(Beginning of EXCERPTED DATA)

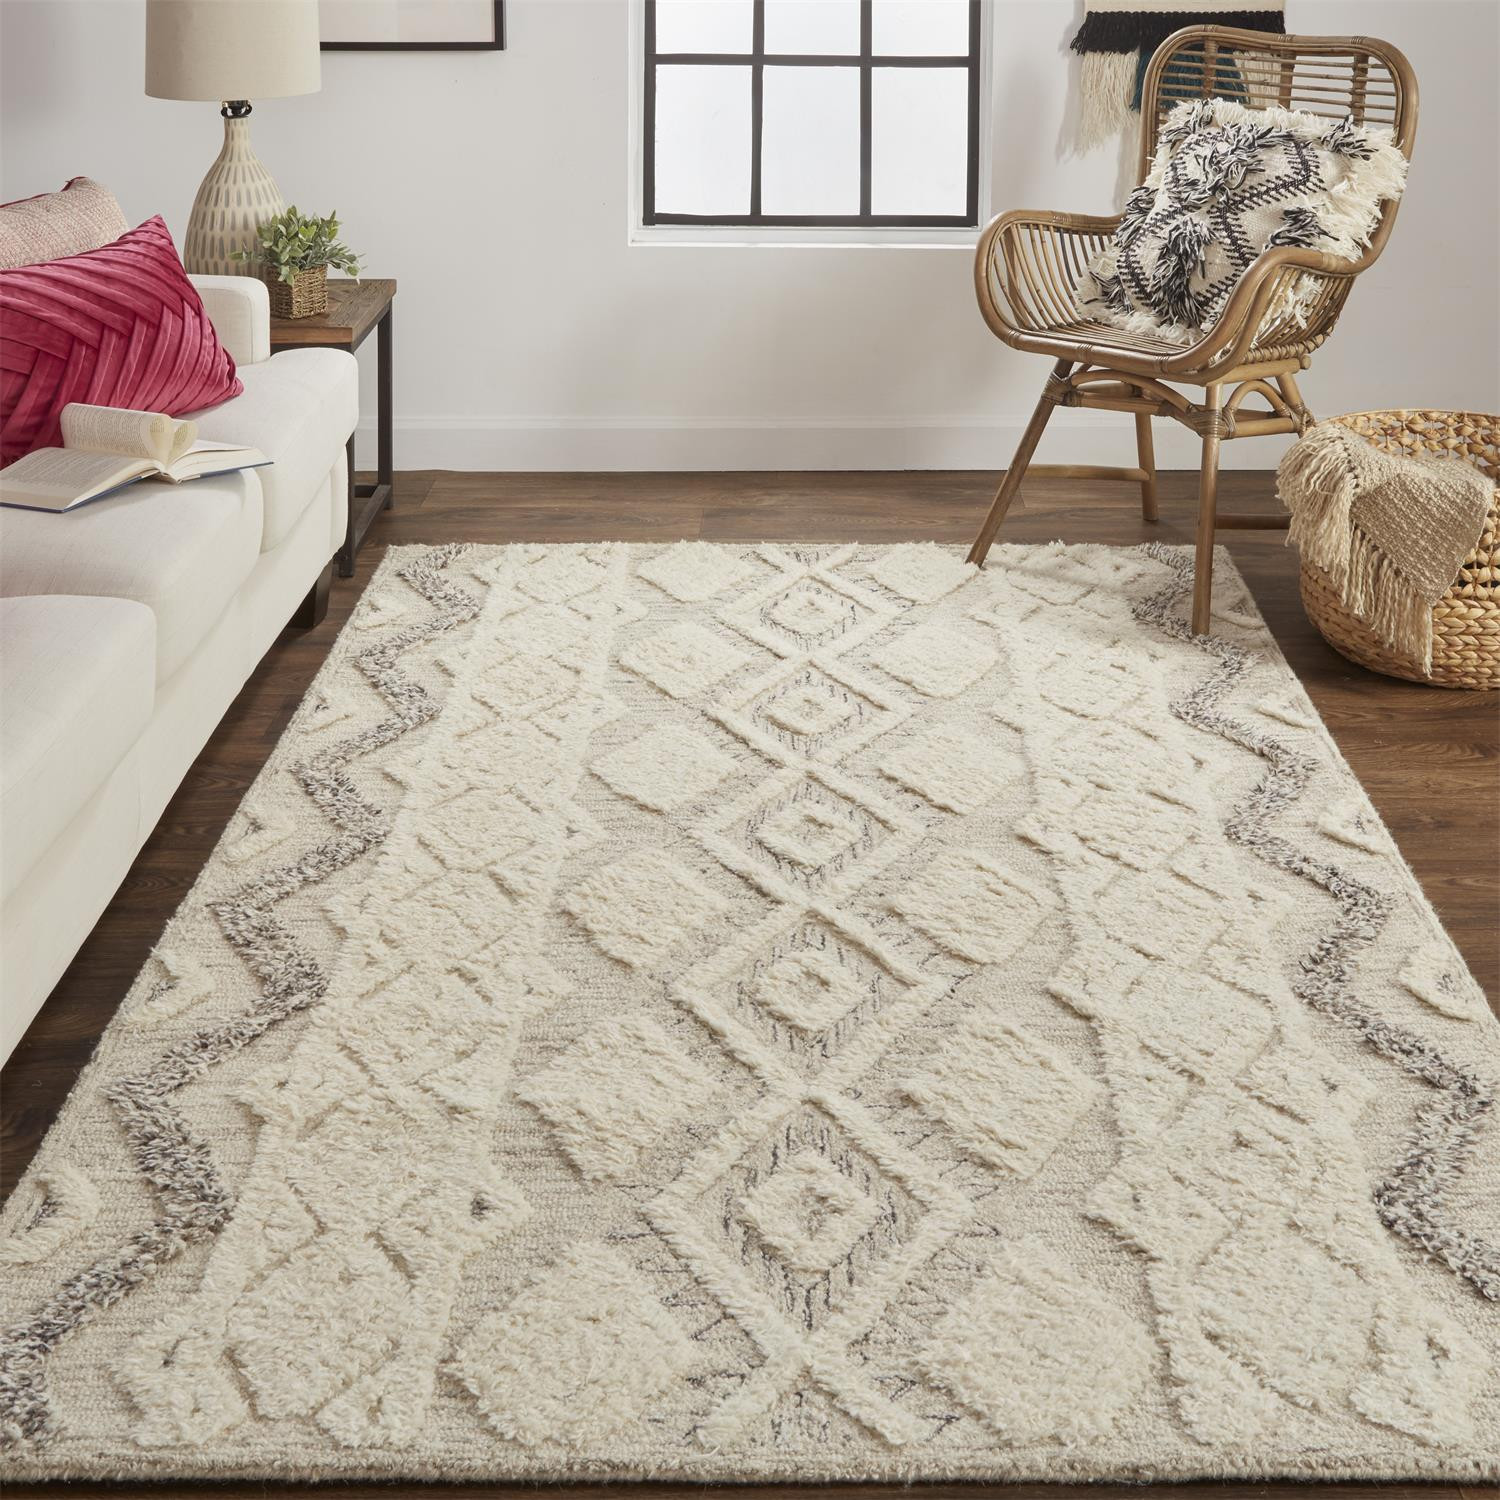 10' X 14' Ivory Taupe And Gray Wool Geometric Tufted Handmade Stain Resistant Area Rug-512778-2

(End of EXCERPTED DATA)
(Beginning of EXCERPTED DATA)

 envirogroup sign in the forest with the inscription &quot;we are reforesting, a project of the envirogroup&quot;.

(End of EXCERPTED DATA)
(Beginning of EXCERPTED DATA)

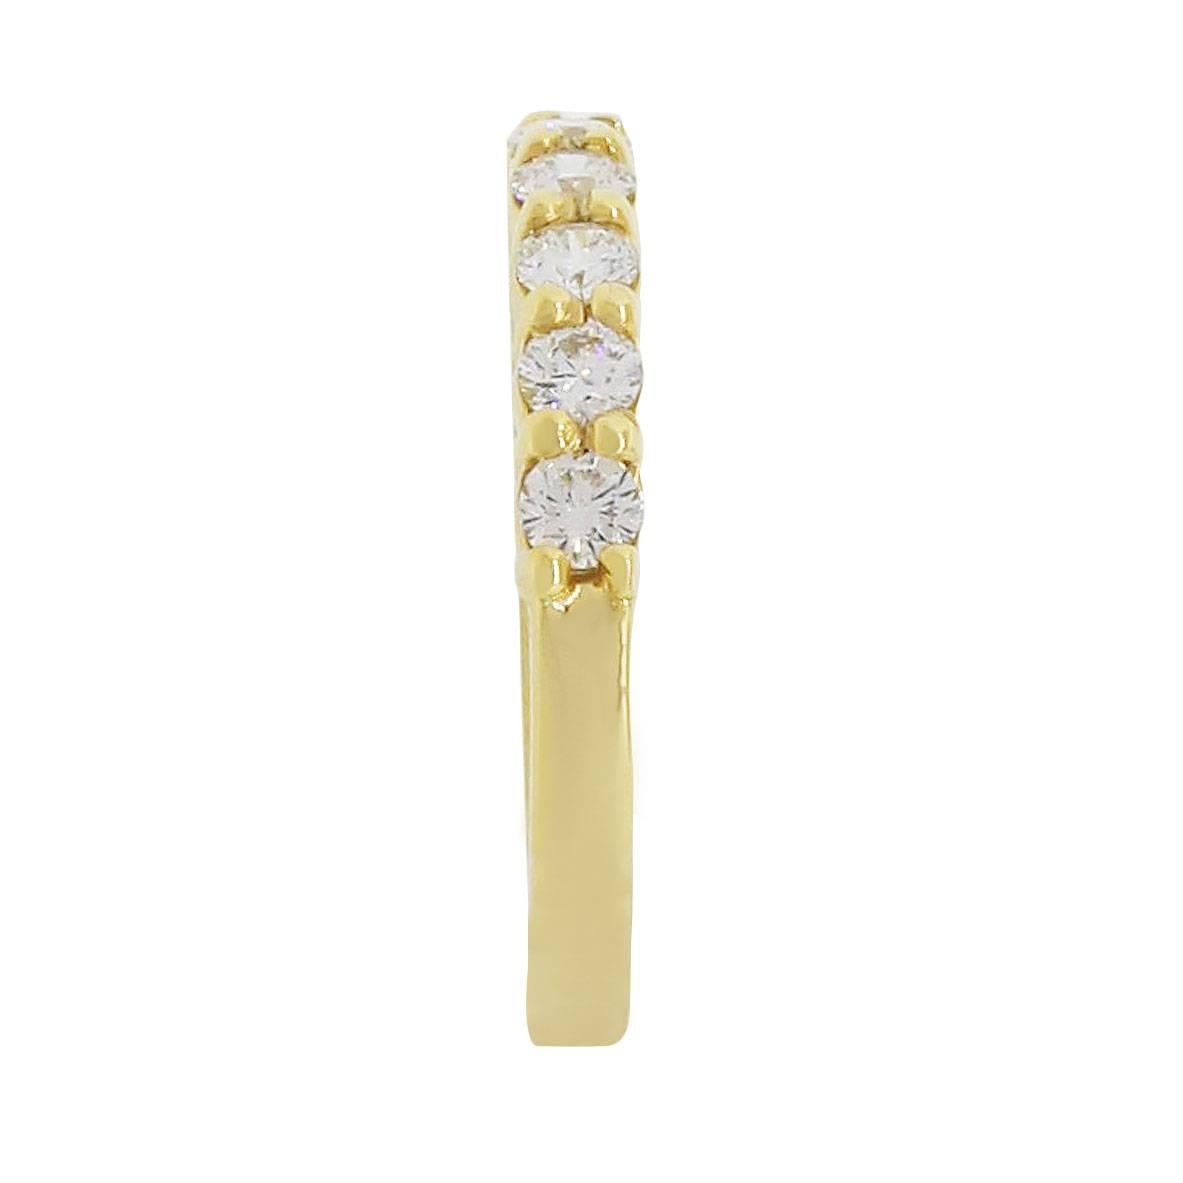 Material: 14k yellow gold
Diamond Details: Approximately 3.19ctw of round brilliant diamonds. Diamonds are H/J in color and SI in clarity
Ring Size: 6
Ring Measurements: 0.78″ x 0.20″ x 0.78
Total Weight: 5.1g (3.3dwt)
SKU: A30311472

(End of EXCERPTED DATA)

--- ASSIGNED TASK ---
Within the data above, the span starting at the line containing "Ring Measurements: 0.78″ x 0.20″ x 0.78" and ending at the line containing "SKU: A30311472" is to be retyped exactly, with no other lines.

--- TASK ANSWER ---
Ring Measurements: 0.78″ x 0.20″ x 0.78
Total Weight: 5.1g (3.3dwt)
SKU: A30311472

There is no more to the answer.